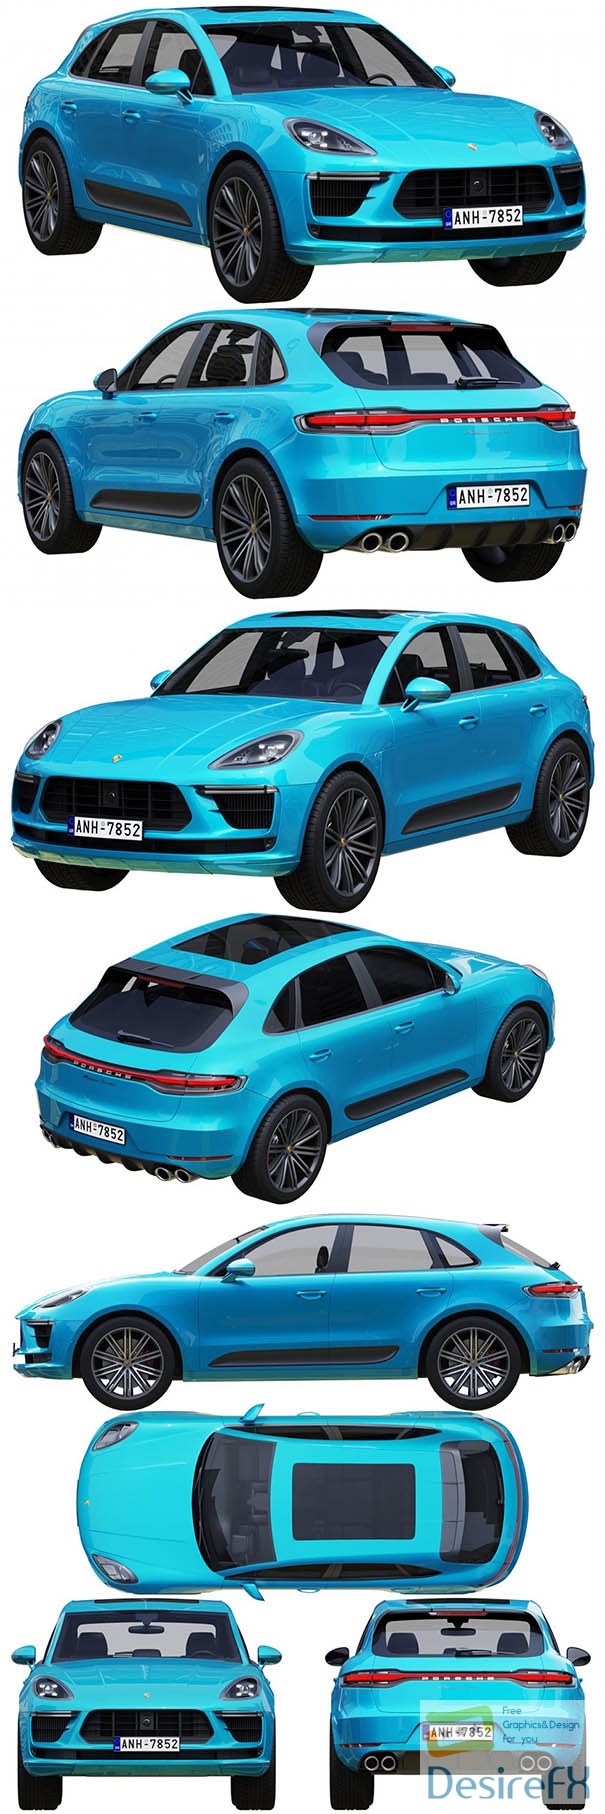 Porsche Macan Turbo 2020 3D Model
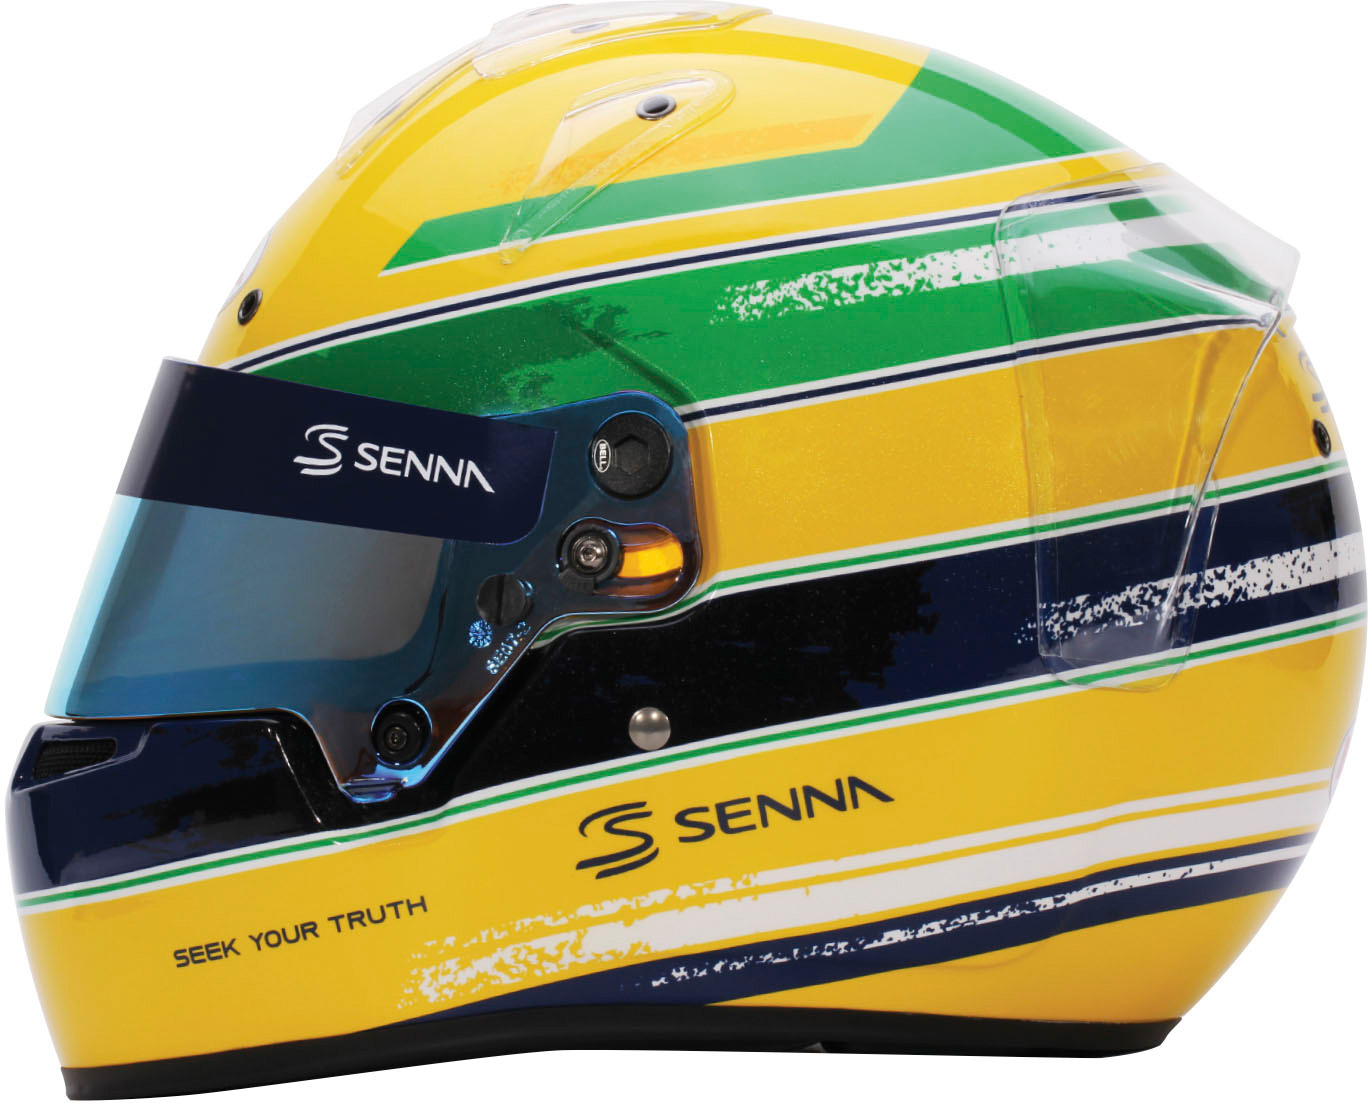 BELL Helm KC7 CMR Ayrton Senna Edition
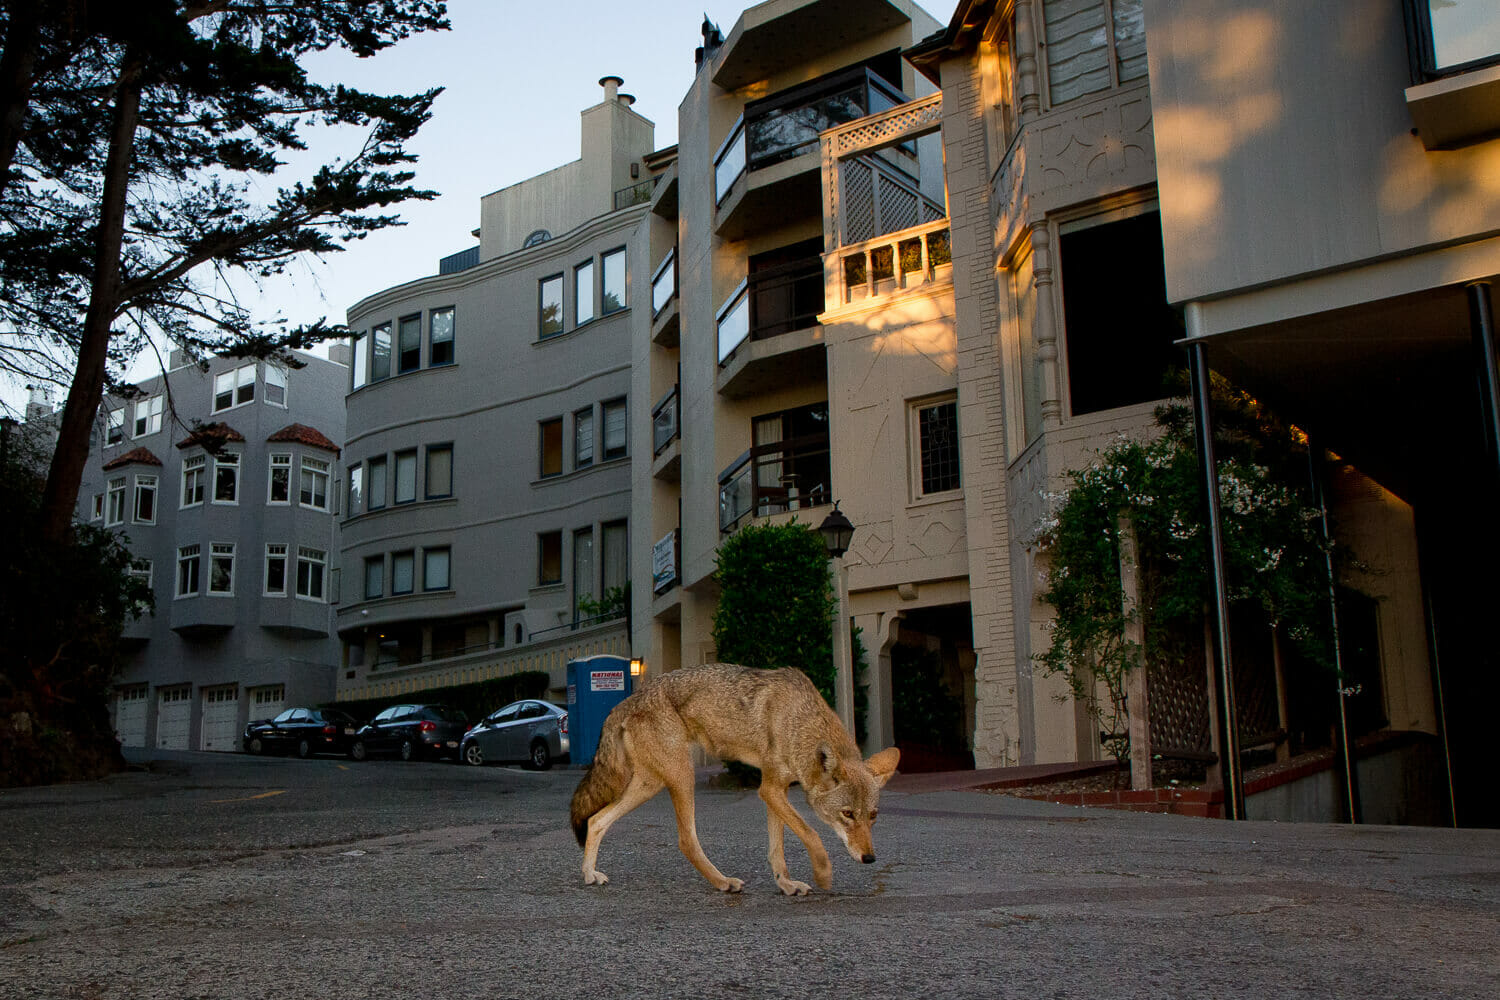 An urban coyote walks across a road near an apartment building
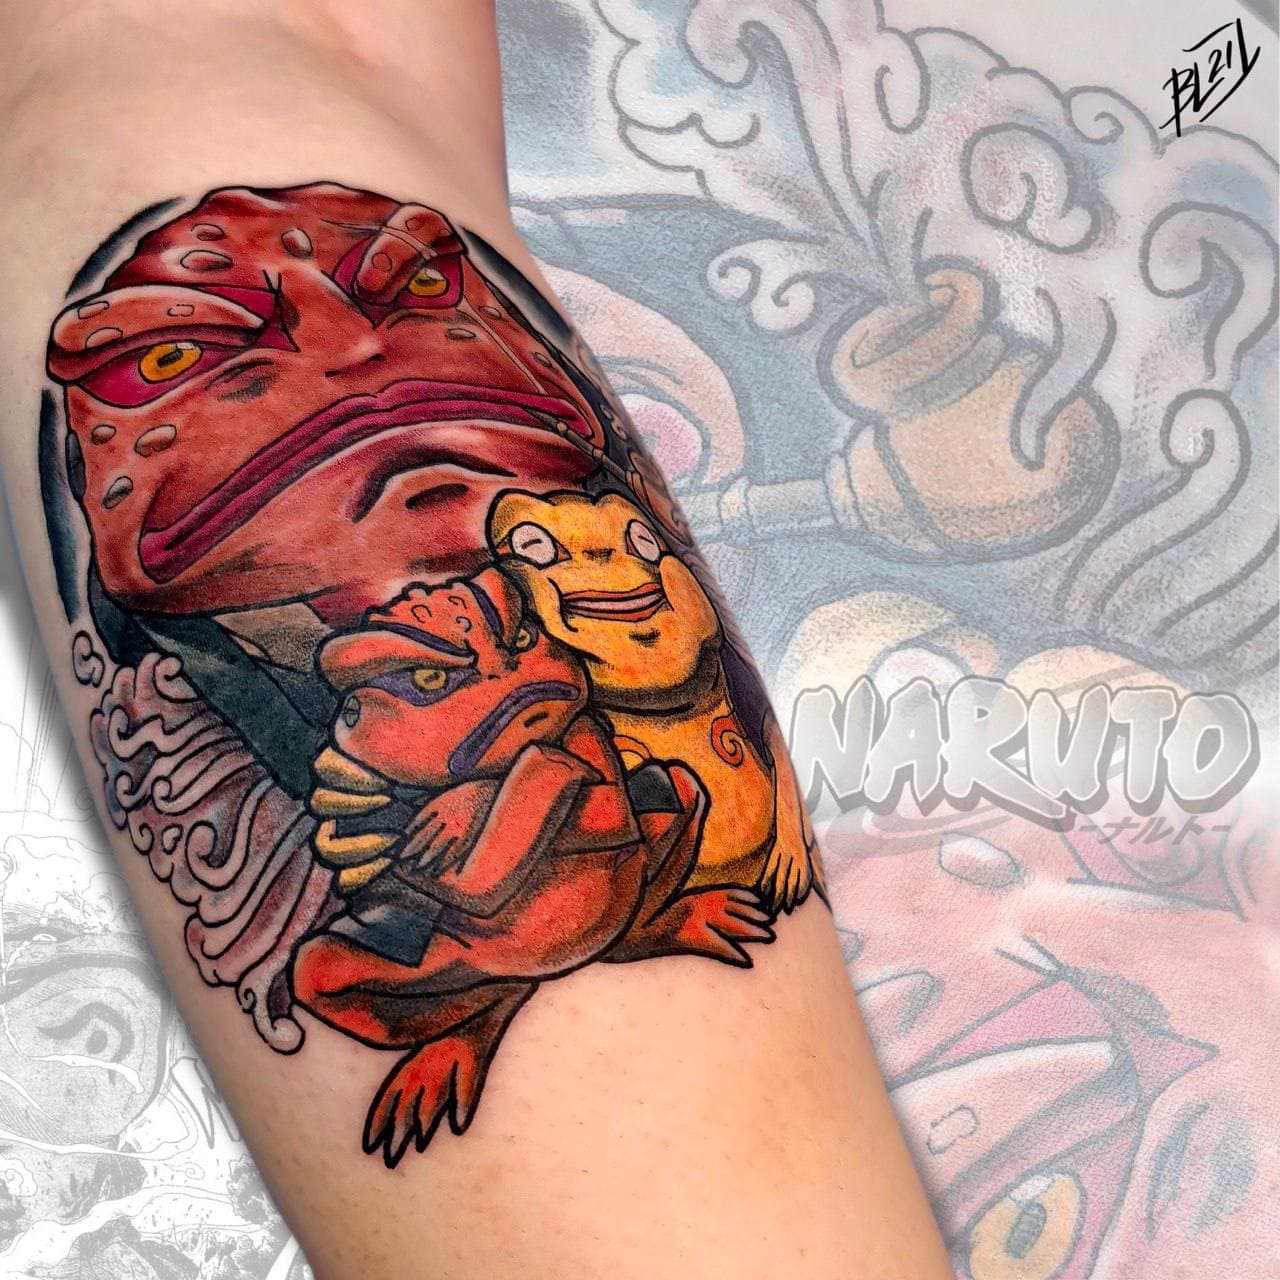 Gamabunta by alxnarutoall on DeviantArt | Naruto tattoo, Naruto art, Naruto  characters
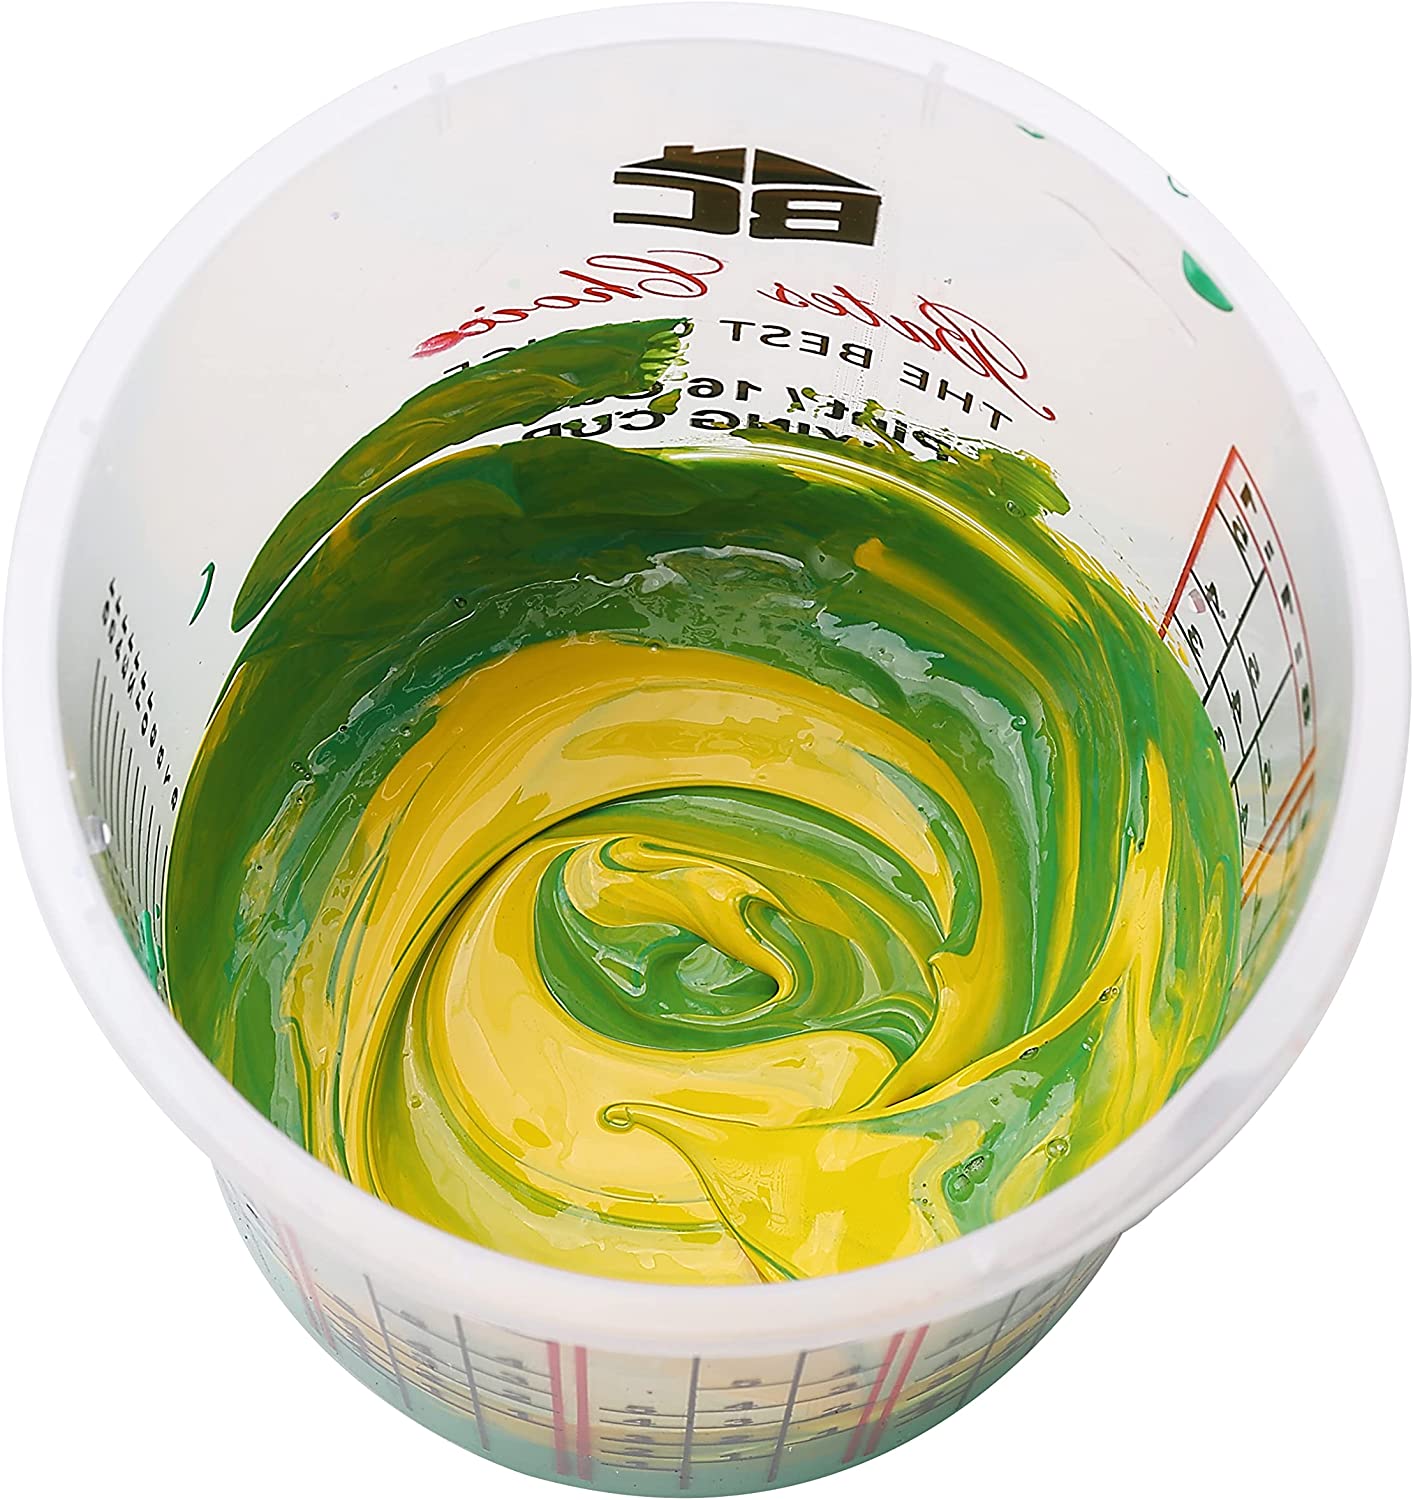 Bates- Paint Mixing Cup,16 oz ,12 Cups, Resin Mixing Cups - Bates Choice

——

The stretch to restate runs from the line above containing "BELL Helm KC7 CMR Ayrton Senna Edition" through the line containing "Gamabunta by alxnarutoall". Copy it word for word, ends included, without pictures.

## Your response
 BELL Helm KC7 CMR Ayrton Senna Edition
 An urban coyote walks across a road near an apartment building
 Gamabunta by alxnarutoall on DeviantArt | Naruto tattoo, Naruto art, Naruto  characters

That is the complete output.